If you start Podman API server and try to inspect a network from Docker (or Docker-compatible library, e.g. one used by Gitlab Runner) you get also a list of containers in that network (for backward compatibility with Docker, Podman doesn't show that data).

But if container is currently being removed -or added, not sure here - this request fails with:

Error response from daemon: container <container id> does not exist in database: no such container

The interesting part is that you get the same error even if you run docker network ls instead of docker network inspect <network>.

I believe it may be the cause of this Gitlab Runner issue (or it's at least one of the causes) and one similar error that I believe has not been reported to Gitlab yet that I've only observed with Podman 4.4.
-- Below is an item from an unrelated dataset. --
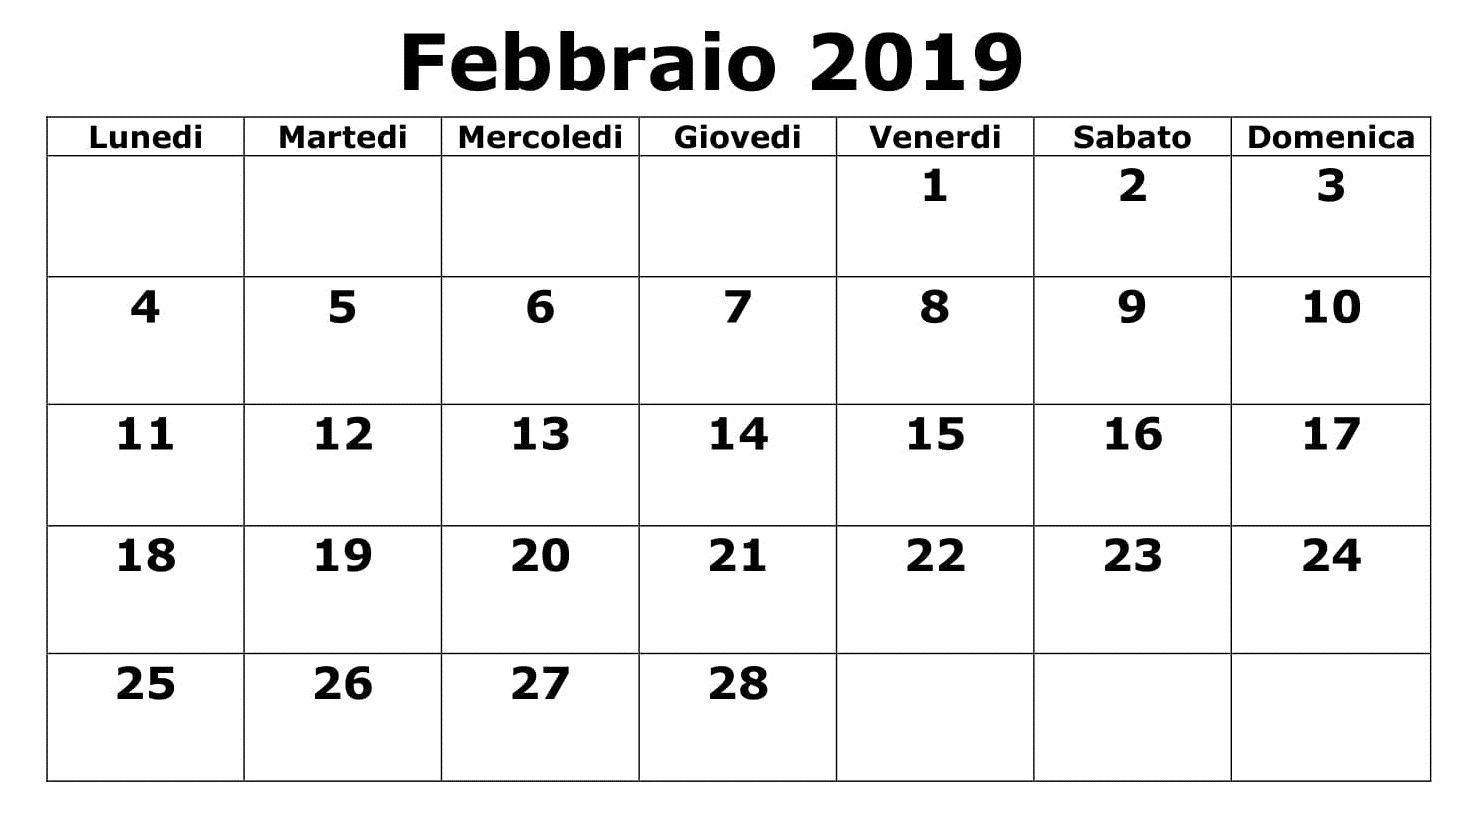 Calendario Con Note.Calendario Con Note 2019 Pdf Febbraio 125 February 2019

Steps to reproduce the issue

Steps to reproduce the issue

  1. Start Podman API server (podman system service).
  2. Create a network (podman network create test).
  3. Configure native docker to use Podman's socket (export DOCKER_HOST=unix://<path to socket>).
  4. Loop container creation (check below the list for an example code).
  5. Watch either output of docker network list or docker network inspect test (check below the list for an example code).

Example creation loop:

while true
do
    podman run -d --rm -ti --network test fedora sleep 1;
done

Example watch (you need to open the file to find those lines, terminal control keys used to clear screan are stored in it so simple cat won't work):

watch -tn 0.1 --exec docker network ls | tee -a test.log

Describe the results you received

Podman server sometimes fails with container not found error. Log entry:

INFO[0052] Request Failed(Internal Server Error): container cf3b535ee60be15c9b5ed36240caa923119be4f06f9ff80bd98620d3c7e3ef3e does not exist in database: no such container 
@ - - [02/Feb/2023:17:15:09 +0000] "GET /v1.41/networks HTTP/1.1" 500 178 "" "Docker-Client/20.10.23 (linux)"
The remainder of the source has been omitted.